«I questuanti del centro città? Alcuni sono richiedenti asilo»

La denuncia di un’educatrice: «Il sistema d’accoglienza spesso è un business»

«Conosco alcuni dei ragazzi africani che chiedono la questua in centro Varese. Posso confermare che sono richiedenti asilo che provengono dalla Provincia. Non si tratta dunque di clandestini, di migranti economici a cui è stata rifiutata la richiesta di asilo, bensì di ragazzi che non trovano, presso le cooperative da cui sono ospitati, l’accoglienza di cui avrebbero diritto». La denuncia arriva da un’educatrice che ha lasciato il lavoro in una di queste cooperative perché «profondamente delusa dal sistema di accoglienza che, per come andavano le cose in quella realtà, era interpretato come un vero e proprio business».

Numeri da miseria

Per ogni richiedente asilo lo Stato stanzia 33 euro al giorno. Di questi, 2.50 euro vanno direttamente al migrante per far fronte alle esigenze personali; il resto viene impiegato dalla cooperativa per garantire vitto, alloggio, vestiti, medicine e attività di formazione, come i corsi di italiano. «Purtroppo, per quella che è la mia esperienza, non sempre ciò avviene – afferma l’educatrice – Ho conosciuto realtà che risparmiano su frutta e verdura, con il risultato che ai ragazzi viene la gastrite.

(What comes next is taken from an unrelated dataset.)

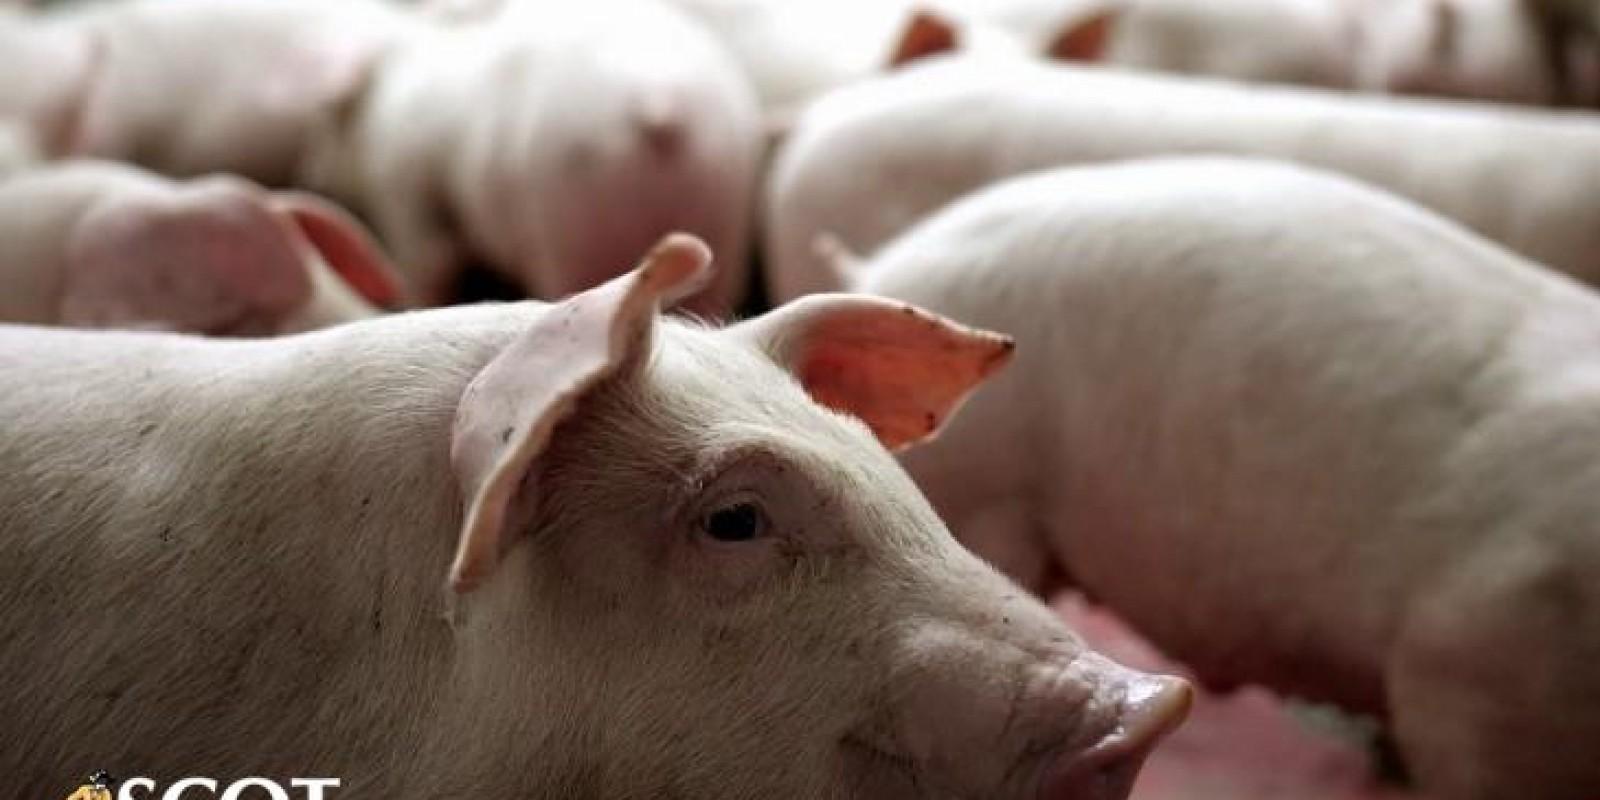 Mercado de suínos: melhora de preços no atacado

Ho visto cucinare riso proveniente da sacchi pieni di scarafaggi. Ho sentito dire ai richiedenti asilo che, in caso di problemi di salute, le medicine avrebbero dovuto essere acquistate con i 2.50 euro quotidiani. Ho visto ragazzi indossare calze e sandali a gennaio perché non sono state date loro calzature invernali. Ho dovuto litigare con i dirigenti di una cooperativa per far accendere i caloriferi nei centri di accoglienza; ho raccolto lenzuola e coperte tra i miei famigliari perché altrimenti i ragazzi avrebbero dovuto fare senza. Ho conosciuto ragazzi che vegetano sul letto per due anni perché non viene proposta loro alcuna attività, e che sarebbero ben felici di lavorare o di fare volontariato».

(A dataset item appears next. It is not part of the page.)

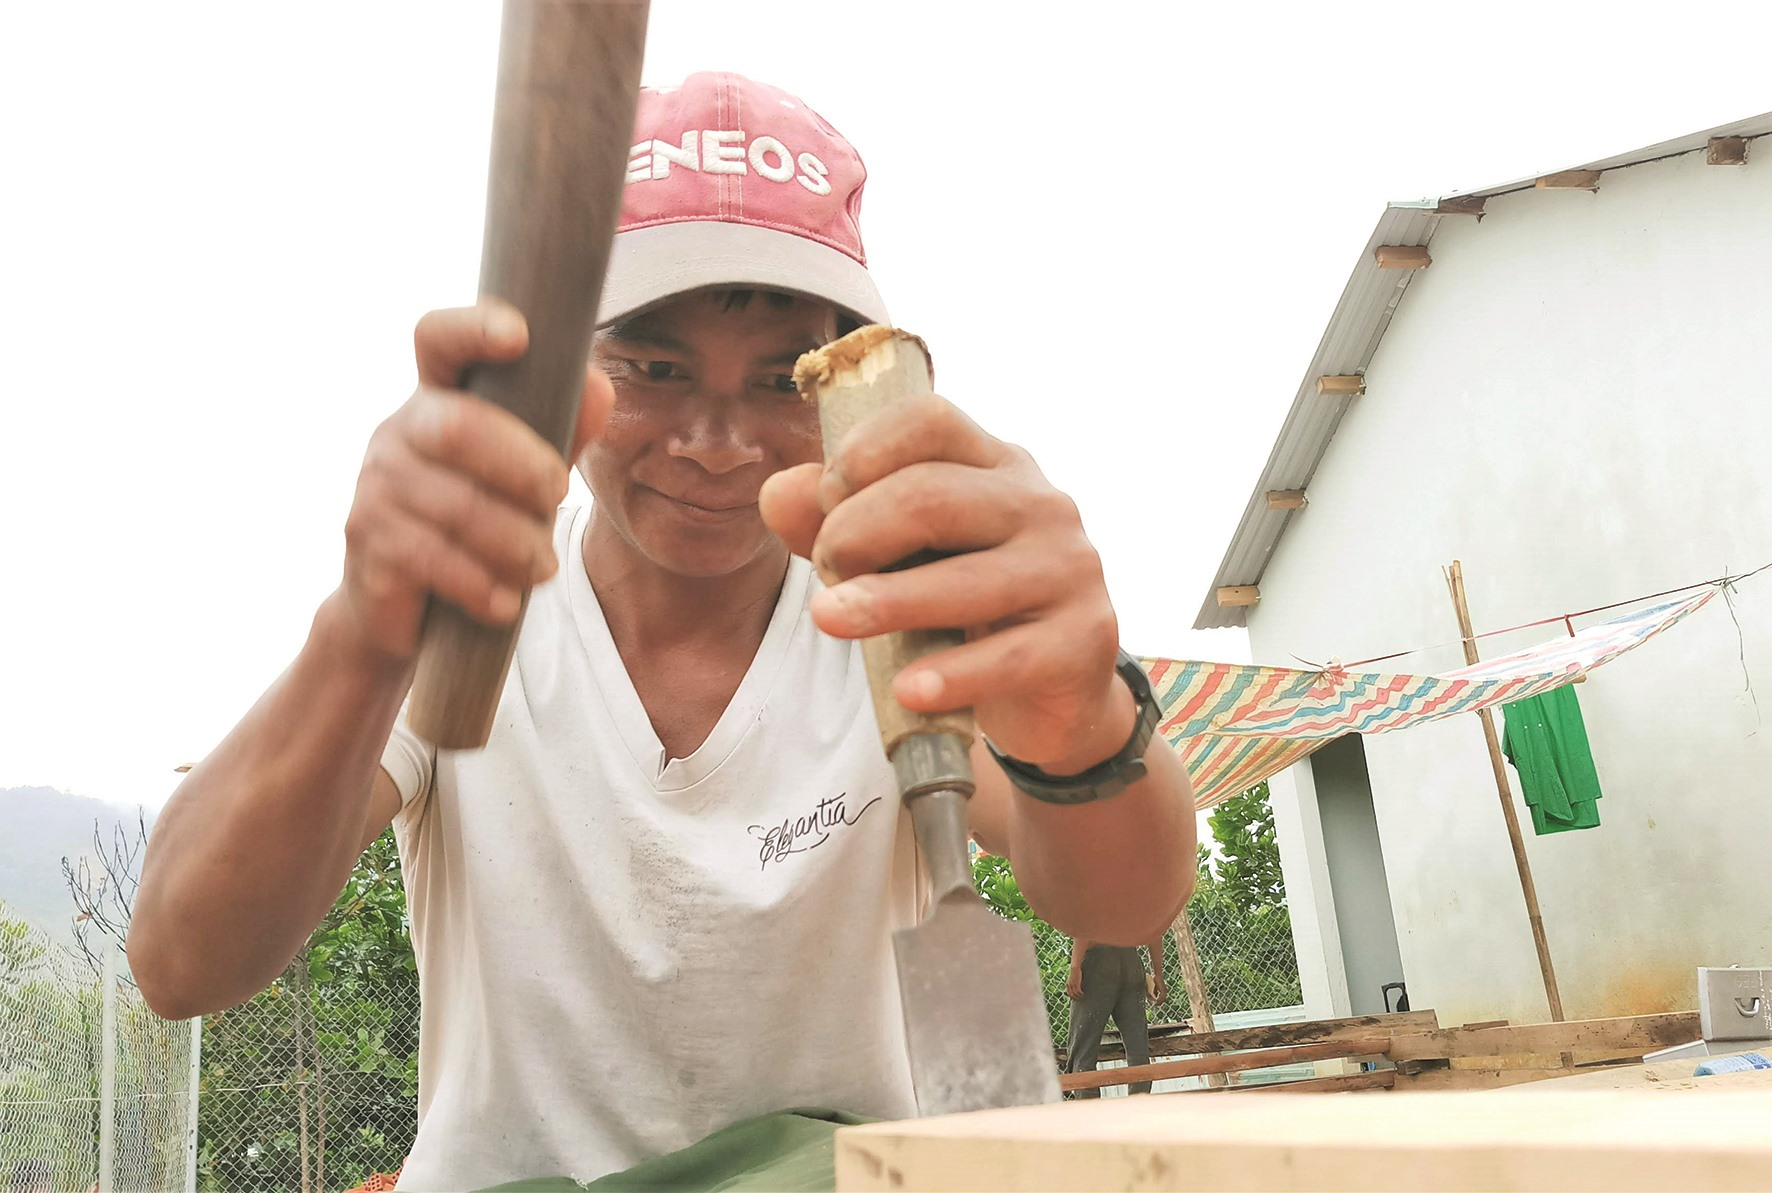 Những người thợ vùng cao góp sức cho những ngôi nhà mới.

«Per rispetto della dignità umana e di quelli che sono i miei valori, non posso lavorare in centri di quel tipo. In Provincia di Varese ho conosciuto anche cooperative di valore, con personale qualificato, ma posso confermare che, di fianco agli esempi positivi, esistono realtà che si fanno carico dell’accoglienza senza avere alcuna competenza e motivazione. In certi posti, l’unica cosa che viene detta ai ragazzi è “se trasgredisci sei fuori” – testimonia l’educatrice – Non capisco come sia possibile trattare così persone che hanno sofferto e che piangono raccontando il loro passato, il loro paese».

«Ho molta delusione e rabbia nel vedere come questi richiedenti asilo vengano lasciati a loro stessi ad arrangiarsi come possono. E poi ci si chiede perché facciano la questua – afferma l’educatrice – Alcuni ragazzi vengono assaliti dal senso di vergogna. Chiamano i parenti a casa e dicono loro che va tutto bene, mettono su Facebook le loro foto affianco alle belle macchine, e poi mandano alle famiglie i soldi raccolti con la questua».

L’educatrice ritiene che l’ondata migratoria possa essere affrontata in modo diverso. «Dovremmo lavorare tutti insieme mettendo al centro la persona, e non i fondi che vengono erogati per risolvere l’emergenza – conclude – Creiamo una rete, anche di volontari, che possano svolgere alcune attività insieme a migranti. Per esempio, un medico che conosco si è messo a disposizione gratuitamente per visitare i ragazzi. Attiviamo tirocini per i richiedenti asilo, facciamoli partecipare ad attività sociali e di volontariato. E poi ci vorrebbe un organismo di controllo serio, perché non è possibile tollerare l’esistenza di cooperative che prendono i soldi e non li utilizzano come dovrebbero».